From his hotel room, Sullivan uploaded his video footage to YouTube. He licensed parts of it to the Washington Post and NBC, and Anderson Cooper interviewed him on CNN. Right away, far-right conspiracy theorists started to use Sullivan for their propaganda efforts. Some tried to suggest that Sullivan was a left-wing plant who had somehow orchestrated the entire insurrection. Rudy Giuliani, President Trump’s lawyer, tweeted a screenshot of what appeared to be a text conversation between himself and James Sullivan, who claimed, baselessly, that there were “226 members of antifa that instigated the Capitol ‘riot,’ ” and added, “I’m currently working with the FBI to expose and place total blame on John.”
John Sullivan uploaded videos in which he spoke directly to the camera, attempting to justify some of the more incongruous parts of his Capitol footage. “I have emotions, and those moments are crazy,” Sullivan said. In another video, he added, “I was not there to be a participant. I was there to record. But I also have to blend my fucking Black ass into that crowd.” Many of his followers didn’t seem to buy it. When he tweeted, “#TrumpSupporters are making a hit list to take me out,” someone responded, “Stop acting like the victim. . . . You were obviously more involved then what you are playing out.”
“I mean, the FBI doesn’t think so,” Sullivan responded.
A week after the insurrection, James Sullivan says, he sent the F.B.I. tips about his brother. On January 14th, according to John, agents came to his apartment and seized two computers, two cell phones, and his camera equipment. Federal prosecutors announced that Sullivan was being charged with one count of knowingly entering a restricted building, one count of violent entry and disorderly conduct, and one count of interfering with law enforcement. “People are understandably angry and upset, but I’m hoping we don’t respond to mob violence with mob justice,” Mary Corporon, one of Sullivan’s defense attorneys, told me. “It’s going to take a lot of discipline to look at each individual case separately, to give each person a chance to be presumed innocent, but that’s what the Constitution requires.”

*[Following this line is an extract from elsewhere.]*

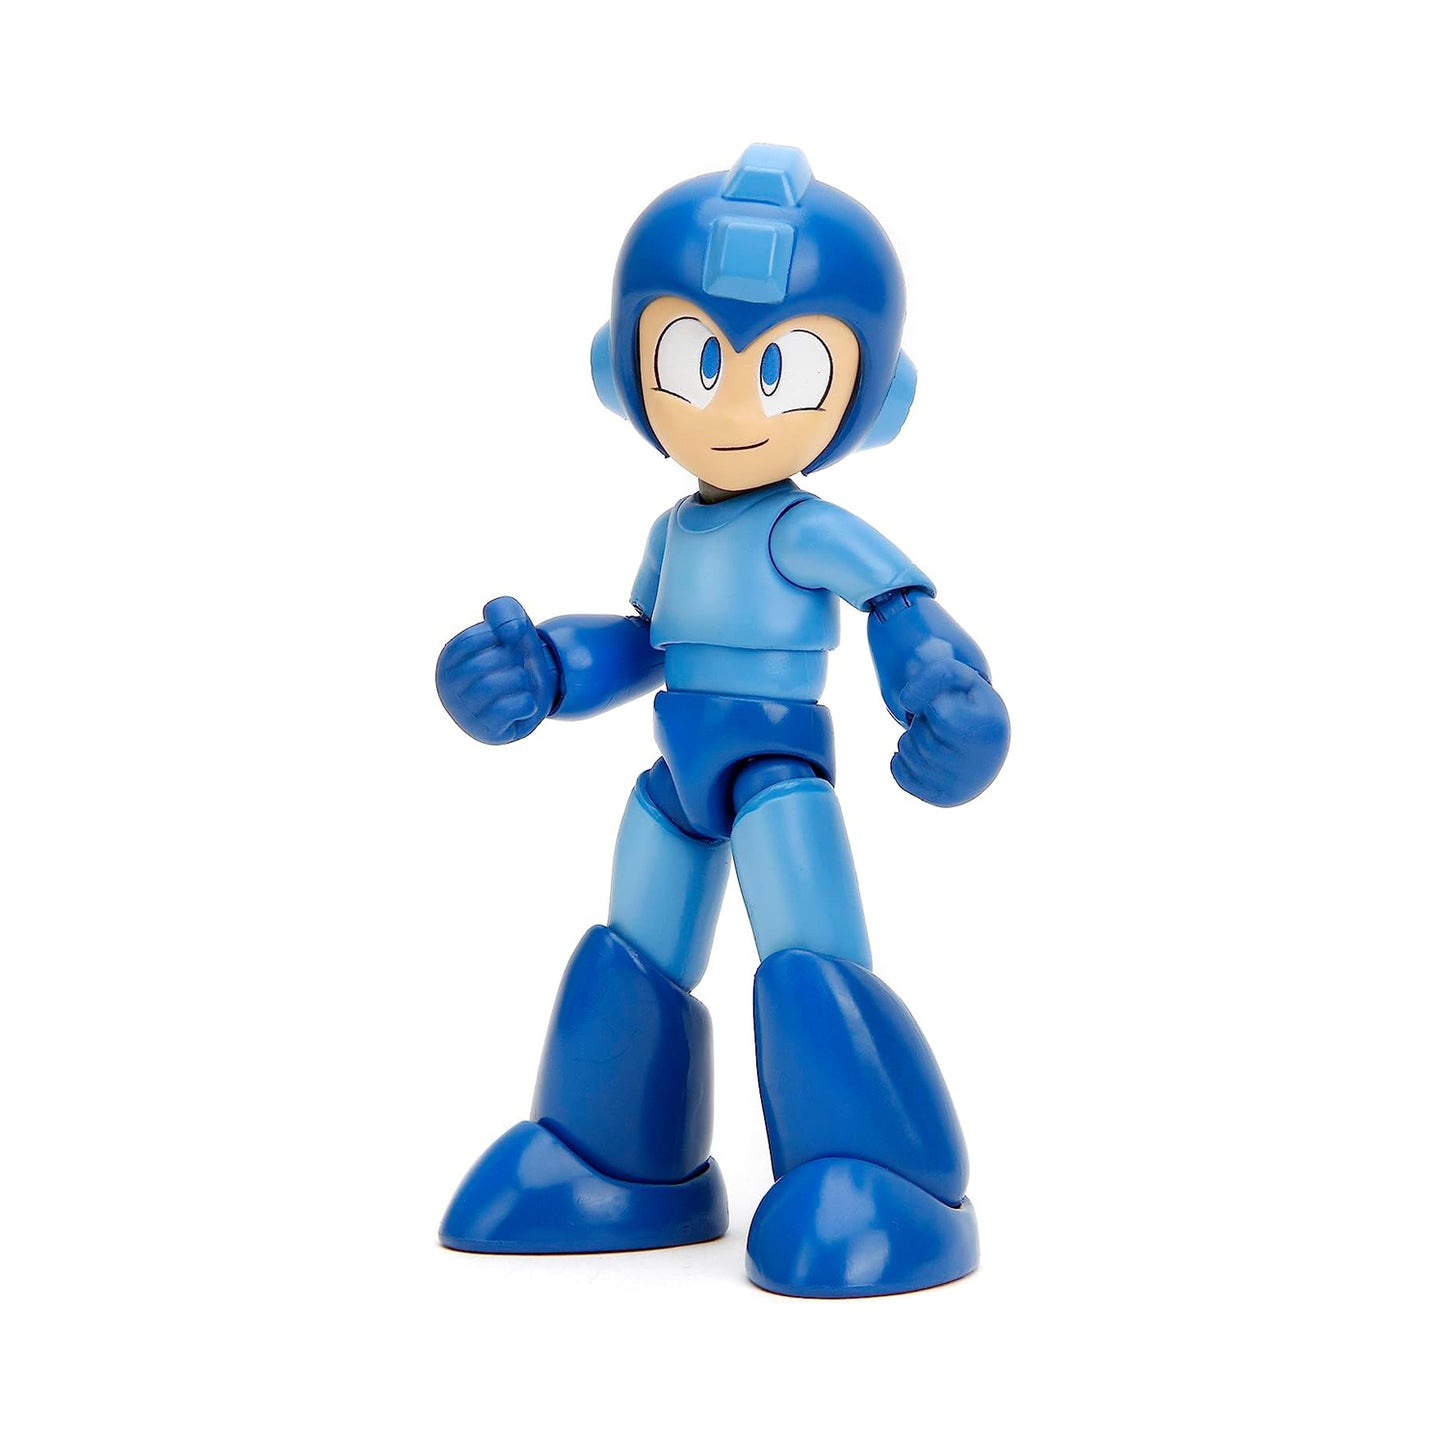 Mega Man 1:12 Scale Action Figure from Mega Man
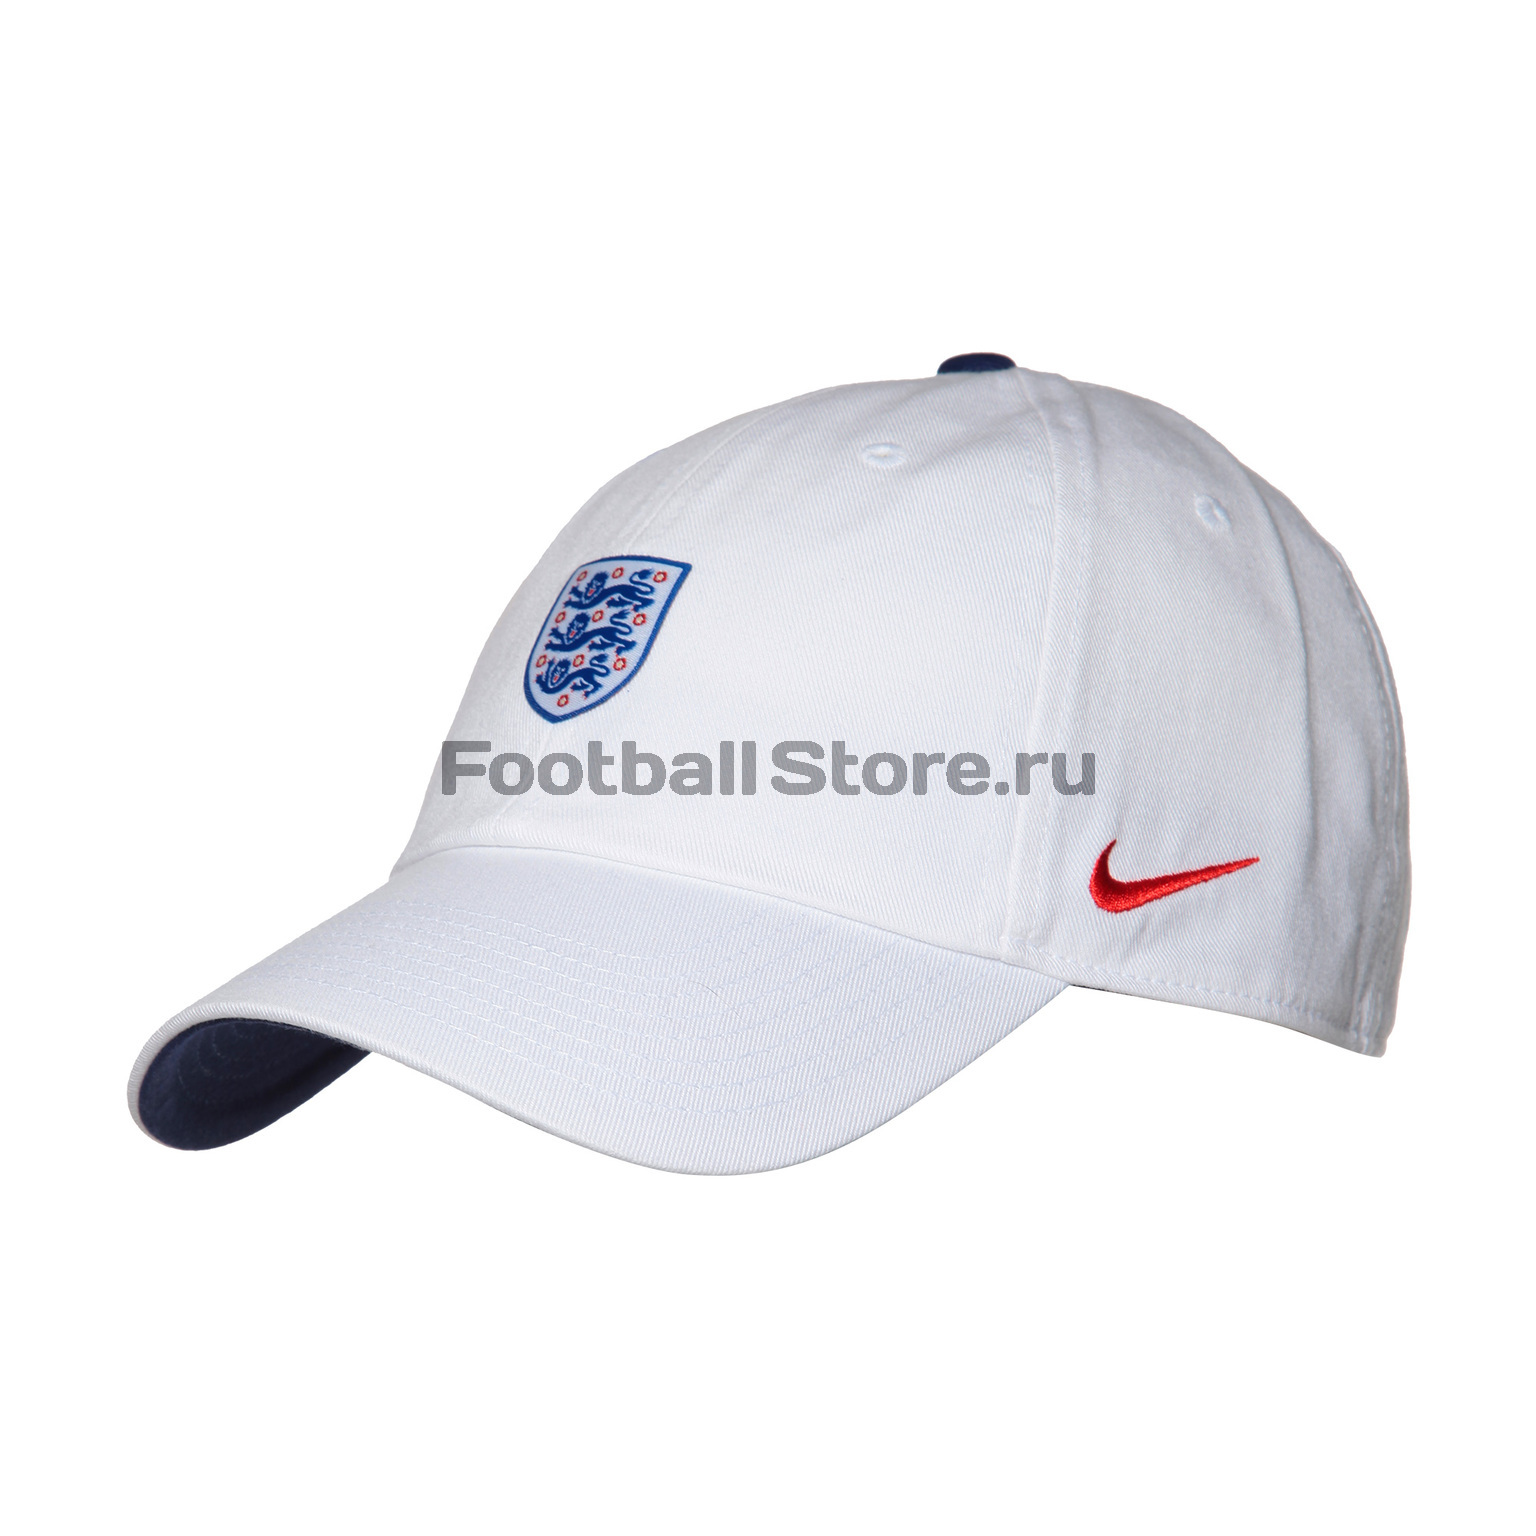 Бейсболка Nike England Cap 881712-101

A central function of the press is to reveal significant information, including images that the public otherwise would not have seen. “People can say what they want, but nobody else got the footage I got,” Sullivan told me. “That shit was history, and I captured it.” The events leading to Ashli Babbitt’s death are of undeniable import, and we would understand them less well if Sullivan hadn’t documented them. In a dissenting Supreme Court opinion from 1972, Justice Potter Stewart argued that, in order to protect “the full flow of information to the public,” there “must be the right to gather news.” Sullivan and his lawyers may end up arguing that some of his actions on January 6th—shouting support for the mob, for example—were acts of newsgathering, necessary for Sullivan to get as far as he did. This theory would be less helpful, presumably, in explaining away some of Sullivan’s other actions, such as encouraging the invaders to push forward or claiming to have a knife. In the case Brandenburg v. Ohio, from 1969, the Supreme Court ruled that speech is not protected by the First Amendment if it is “directed to inciting or producing imminent lawless action and is likely to incite or produce such action.” This is a high bar, but it’s possible that Sullivan’s speech would clear it.